Segment Start: Listed entries

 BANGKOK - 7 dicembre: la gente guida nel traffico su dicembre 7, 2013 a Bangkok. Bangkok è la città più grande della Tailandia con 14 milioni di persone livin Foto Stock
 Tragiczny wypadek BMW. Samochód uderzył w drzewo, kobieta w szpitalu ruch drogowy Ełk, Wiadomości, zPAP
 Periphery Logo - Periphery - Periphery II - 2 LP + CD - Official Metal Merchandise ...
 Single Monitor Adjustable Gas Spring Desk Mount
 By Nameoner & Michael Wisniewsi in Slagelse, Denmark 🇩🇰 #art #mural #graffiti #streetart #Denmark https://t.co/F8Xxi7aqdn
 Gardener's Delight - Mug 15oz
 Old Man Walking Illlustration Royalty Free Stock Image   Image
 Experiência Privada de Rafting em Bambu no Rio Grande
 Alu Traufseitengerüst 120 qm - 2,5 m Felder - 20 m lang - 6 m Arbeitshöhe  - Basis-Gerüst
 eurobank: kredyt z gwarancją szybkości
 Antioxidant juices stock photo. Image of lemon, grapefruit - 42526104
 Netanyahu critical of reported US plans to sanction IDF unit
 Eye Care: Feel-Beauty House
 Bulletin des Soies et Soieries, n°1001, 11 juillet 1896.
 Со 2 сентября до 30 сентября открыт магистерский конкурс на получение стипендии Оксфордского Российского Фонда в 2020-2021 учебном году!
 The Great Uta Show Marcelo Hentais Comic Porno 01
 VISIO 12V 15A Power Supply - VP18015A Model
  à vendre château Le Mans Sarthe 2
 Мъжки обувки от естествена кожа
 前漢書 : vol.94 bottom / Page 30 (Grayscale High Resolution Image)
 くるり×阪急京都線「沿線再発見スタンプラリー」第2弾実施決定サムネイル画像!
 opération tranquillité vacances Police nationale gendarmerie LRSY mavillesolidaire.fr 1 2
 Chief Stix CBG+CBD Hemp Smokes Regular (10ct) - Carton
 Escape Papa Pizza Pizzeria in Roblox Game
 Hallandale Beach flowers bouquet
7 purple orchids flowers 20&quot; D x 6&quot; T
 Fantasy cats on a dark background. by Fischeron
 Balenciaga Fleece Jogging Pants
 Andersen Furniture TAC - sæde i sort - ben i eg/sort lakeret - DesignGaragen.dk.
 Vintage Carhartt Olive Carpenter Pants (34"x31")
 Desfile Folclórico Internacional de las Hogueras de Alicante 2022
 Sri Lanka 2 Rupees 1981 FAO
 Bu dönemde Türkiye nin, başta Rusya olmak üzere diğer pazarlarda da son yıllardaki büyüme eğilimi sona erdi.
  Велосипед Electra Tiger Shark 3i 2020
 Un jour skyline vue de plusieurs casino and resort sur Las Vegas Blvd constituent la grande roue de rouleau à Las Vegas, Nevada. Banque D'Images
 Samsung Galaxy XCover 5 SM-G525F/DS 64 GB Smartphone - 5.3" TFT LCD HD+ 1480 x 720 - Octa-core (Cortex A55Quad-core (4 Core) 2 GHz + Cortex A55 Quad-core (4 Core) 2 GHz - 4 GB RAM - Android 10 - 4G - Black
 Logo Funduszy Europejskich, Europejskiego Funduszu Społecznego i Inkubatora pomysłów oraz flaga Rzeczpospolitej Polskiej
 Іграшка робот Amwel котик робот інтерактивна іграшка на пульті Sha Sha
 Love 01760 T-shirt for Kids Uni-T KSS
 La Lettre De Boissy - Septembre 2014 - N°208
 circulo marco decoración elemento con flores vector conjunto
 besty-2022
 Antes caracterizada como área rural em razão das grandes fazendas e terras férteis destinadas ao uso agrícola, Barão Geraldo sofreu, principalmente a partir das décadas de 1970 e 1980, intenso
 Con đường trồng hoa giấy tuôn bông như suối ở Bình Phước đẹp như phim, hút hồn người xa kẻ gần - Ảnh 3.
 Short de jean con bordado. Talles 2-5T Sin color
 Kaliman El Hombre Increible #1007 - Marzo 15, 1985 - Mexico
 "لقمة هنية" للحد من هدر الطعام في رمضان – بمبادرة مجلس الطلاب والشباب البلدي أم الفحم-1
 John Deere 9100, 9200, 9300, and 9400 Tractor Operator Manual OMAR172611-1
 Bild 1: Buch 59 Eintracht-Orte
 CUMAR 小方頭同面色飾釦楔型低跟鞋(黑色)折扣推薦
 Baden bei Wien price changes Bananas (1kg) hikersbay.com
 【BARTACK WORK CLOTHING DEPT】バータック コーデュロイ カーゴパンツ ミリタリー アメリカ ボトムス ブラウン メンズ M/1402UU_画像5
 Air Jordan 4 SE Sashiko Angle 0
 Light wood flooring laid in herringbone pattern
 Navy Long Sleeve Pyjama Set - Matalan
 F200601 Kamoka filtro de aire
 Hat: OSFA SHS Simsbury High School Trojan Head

Segment End: Listed entries

→ Your assignment:
In the listing above, find the line with "à vendre château Le Mans Sarthe 2" and the line with "Samsung Galaxy XCover"; set down exactly those two lines and every line between them, nothing more.

→ Final answer:
  à vendre château Le Mans Sarthe 2
 Мъжки обувки от естествена кожа
 前漢書 : vol.94 bottom / Page 30 (Grayscale High Resolution Image)
 くるり×阪急京都線「沿線再発見スタンプラリー」第2弾実施決定サムネイル画像!
 opération tranquillité vacances Police nationale gendarmerie LRSY mavillesolidaire.fr 1 2
 Chief Stix CBG+CBD Hemp Smokes Regular (10ct) - Carton
 Escape Papa Pizza Pizzeria in Roblox Game
 Hallandale Beach flowers bouquet
7 purple orchids flowers 20&quot; D x 6&quot; T
 Fantasy cats on a dark background. by Fischeron
 Balenciaga Fleece Jogging Pants
 Andersen Furniture TAC - sæde i sort - ben i eg/sort lakeret - DesignGaragen.dk.
 Vintage Carhartt Olive Carpenter Pants (34"x31")
 Desfile Folclórico Internacional de las Hogueras de Alicante 2022
 Sri Lanka 2 Rupees 1981 FAO
 Bu dönemde Türkiye nin, başta Rusya olmak üzere diğer pazarlarda da son yıllardaki büyüme eğilimi sona erdi.
  Велосипед Electra Tiger Shark 3i 2020
 Un jour skyline vue de plusieurs casino and resort sur Las Vegas Blvd constituent la grande roue de rouleau à Las Vegas, Nevada. Banque D'Images
 Samsung Galaxy XCover 5 SM-G525F/DS 64 GB Smartphone - 5.3" TFT LCD HD+ 1480 x 720 - Octa-core (Cortex A55Quad-core (4 Core) 2 GHz + Cortex A55 Quad-core (4 Core) 2 GHz - 4 GB RAM - Android 10 - 4G - Black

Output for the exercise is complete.